During the fiscal year 2009, deferred revenues recorded were $2,673.

     On May 22, 2009, the Company and Becton, Dickinson and Company ("BD")
entered into a Research and Option Agreement (the "Agreement").

     The Agreement provided for the establishment of a research program from the
date of the Agreement until September 30, 2009 whereby BD funded certain
research work by the Company relating to the Company's BACcel(TM) rapid
diagnostics platform (the BACcel(TM) Platform"). The research program included
mutually agreed upon milestones to support BD's product development planning.
Under the terms of the Agreement, in connection with the research program, the
Company received certain periodic payments from BD between the date of the
Agreement and July 1, 2009.

     The Agreement also granted BD an option to acquire for an upfront payment
and product-delivered royalties an exclusive license (the "Exclusive License")
from the Company for certain know-how and patent rights relating the BACcel(TM)
Platform. Upon termination of the option and the technical development project
subsequent to successful milestone completion, Accelr8 received a non-exclusive
license from BD for certain intellectual property.

     On September 24, 2009, BD declined to exercise its licensing option and
will no longer participate in the technical development of the BACcel(TM)
system. The Company is currently in discussions with alternative
commercialization prospects and is seeking a new strategic partner to assist in
developing, manufacture and taking the BACcel(TM) system to market.

     Subject to the receipt of capital, during the fiscal year ending July 31,
2010 we intend to continue technical validation of the BACcel(TM) system
methods, continue field studies including pilot clinical studies at Denver
Health and Barnes-Jewish Hospital, continue to publish the results of internal
and collaborative studies, and seek a strategic partner or licensee for
BACcel(TM) product commercialization.


Recently Issued Accounting Pronouncements

     The Financial Accounting Standards Board ("FASB") Accounting Standards
Codification ("ASC") (Topic 105, "Generally Accepted Accounting Principles"),
became the single source for authoritative nongovernmental U.S. generally
accepted accounting principles on July 1, 2009. The Company has adopted FASB ASC
for periods ending after September 15, 2009.

Changes in Results of Operations: Three months ended October 31, 2009 compared
to three months ended October 31, 2008

During the three months ended October 31, 2009, OptiChem(R) revenues were
$15,549 as compared to $652 during the three month period ended October 31,
2008, an increase of $14,897. The increase was a result of licensing of
OptiChem(R) technology to Schott and Nanostring and the recognition of royalty
income.

Technical development fees during the three-month period ended October 31, 2009
were $0 as compared to $300,000 during the three-month period ended October 31,
2008, a decrease of $300,000 or 100%. Technical development fees are no longer
being received due to BD declining to exercise its licensing option pursuant to
the Agreement., Research and development expenses for the three months ended
October 31, 2009 were $160,899 as compared to $159,777 during the three months
ended October 31, 2008, an increase of $1,122 or .7%. The increase was primarily
the result of numerous factors including the increases in salaries and related
accruals of $10,122 and decreases in clinical trial expenditures of $13,326.

                                       12


During the three months ended October 31, 2009, general and administrative
expenses were $212,683 as compared to $250,463 during the three month period
ended October 31, 2008, a decrease of $37,780 or 15.08%. The decreases were
primarily the result of both stock based compensation charges and consulting
fees.

The increase in amortization was negligible for the three months ended October
31, 2009 as compared to the three month period ended October 31, 2008.

Marketing and sales expenses for the three months ended October 31, 2009 were $0
as compared to $1,166 during the three months ended October 31, 2008, a decrease
of $1,116 or 100%. The decrease was primarily due to a reduction in expenses in
connection with scientific conference attendance.

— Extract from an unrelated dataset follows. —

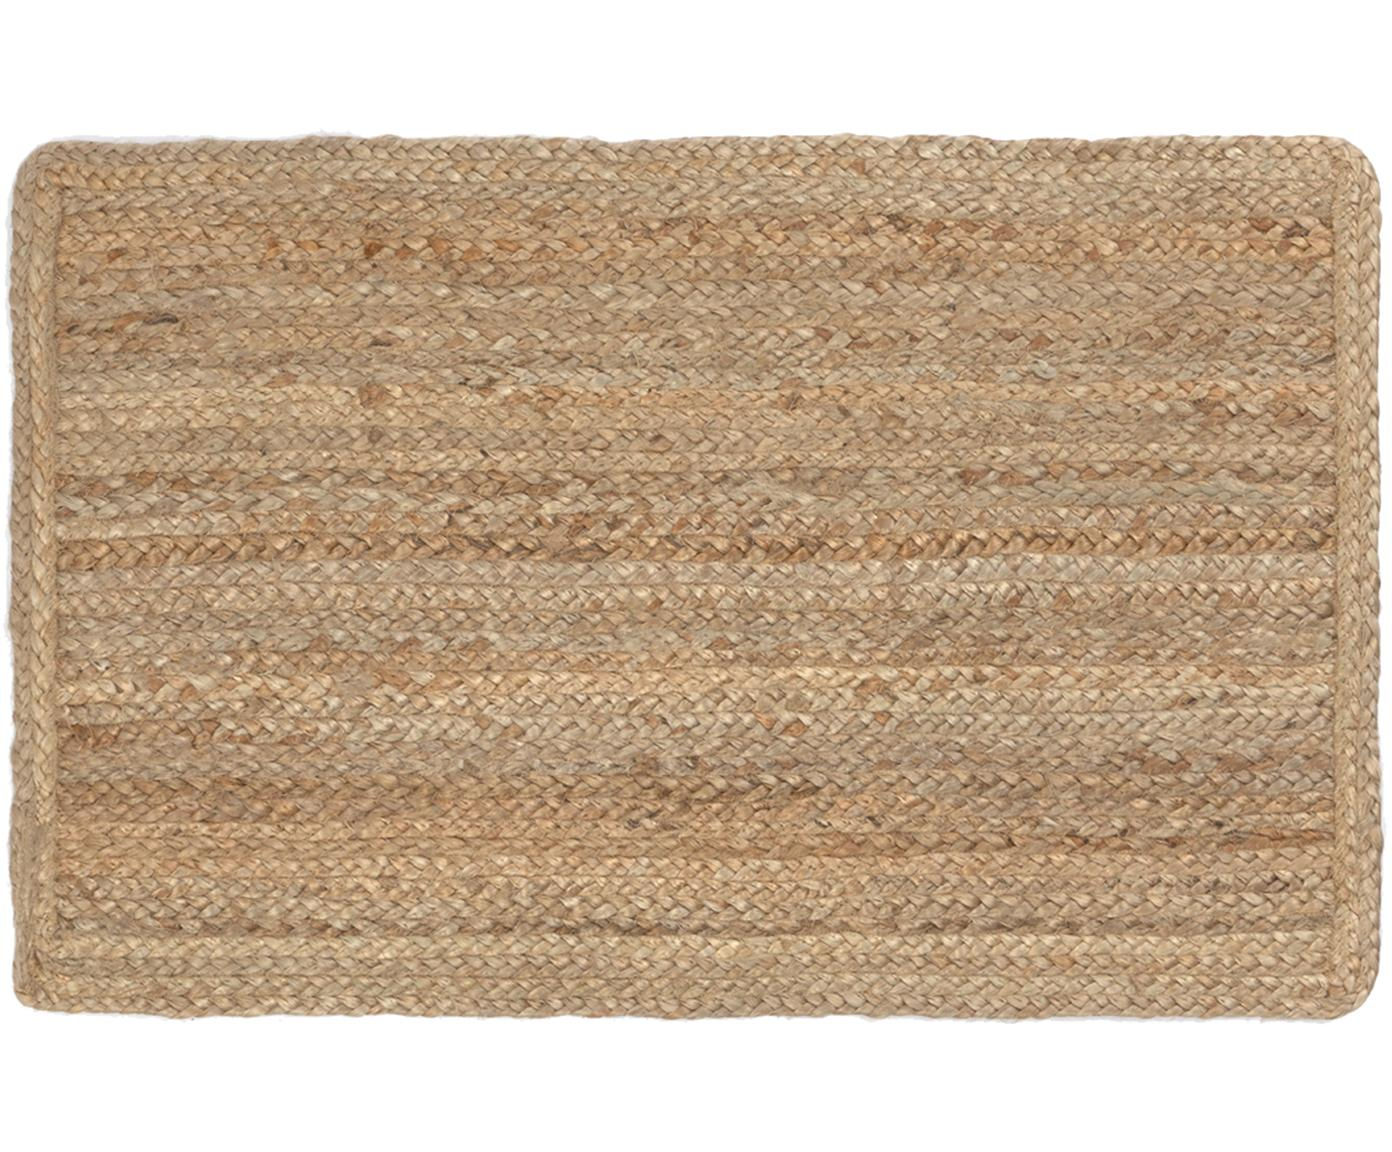 Juten deurmat Ural, Jute, Beige, 45 x 75 cm

Depreciation for the three months ended October 31, 2009 was $2,616 as compared
to $5,686 during the three months ended October 31, 2008, a decrease of $3,070
or 54%. The decreased depreciation was the result of the increased age of assets
and the disposal of equipment no longer used in our operations.

As a result of the above factors, loss from operations for the three months
ended October 31, 2009 was $423,373 as compared to a loss of $177,983 during the
three months ended October 31, 2008, a increased loss of $245,390 or 137.9%.

Investment and dividend income during the three months ended October 31, 2009
was $1,363 as compared to $8,914 during the three months ended October 31, 2008
a decrease of $7,551 or 84.7%. Interest income decreased as a result of
decreased interest rates and reduced amounts of cash held by the Company.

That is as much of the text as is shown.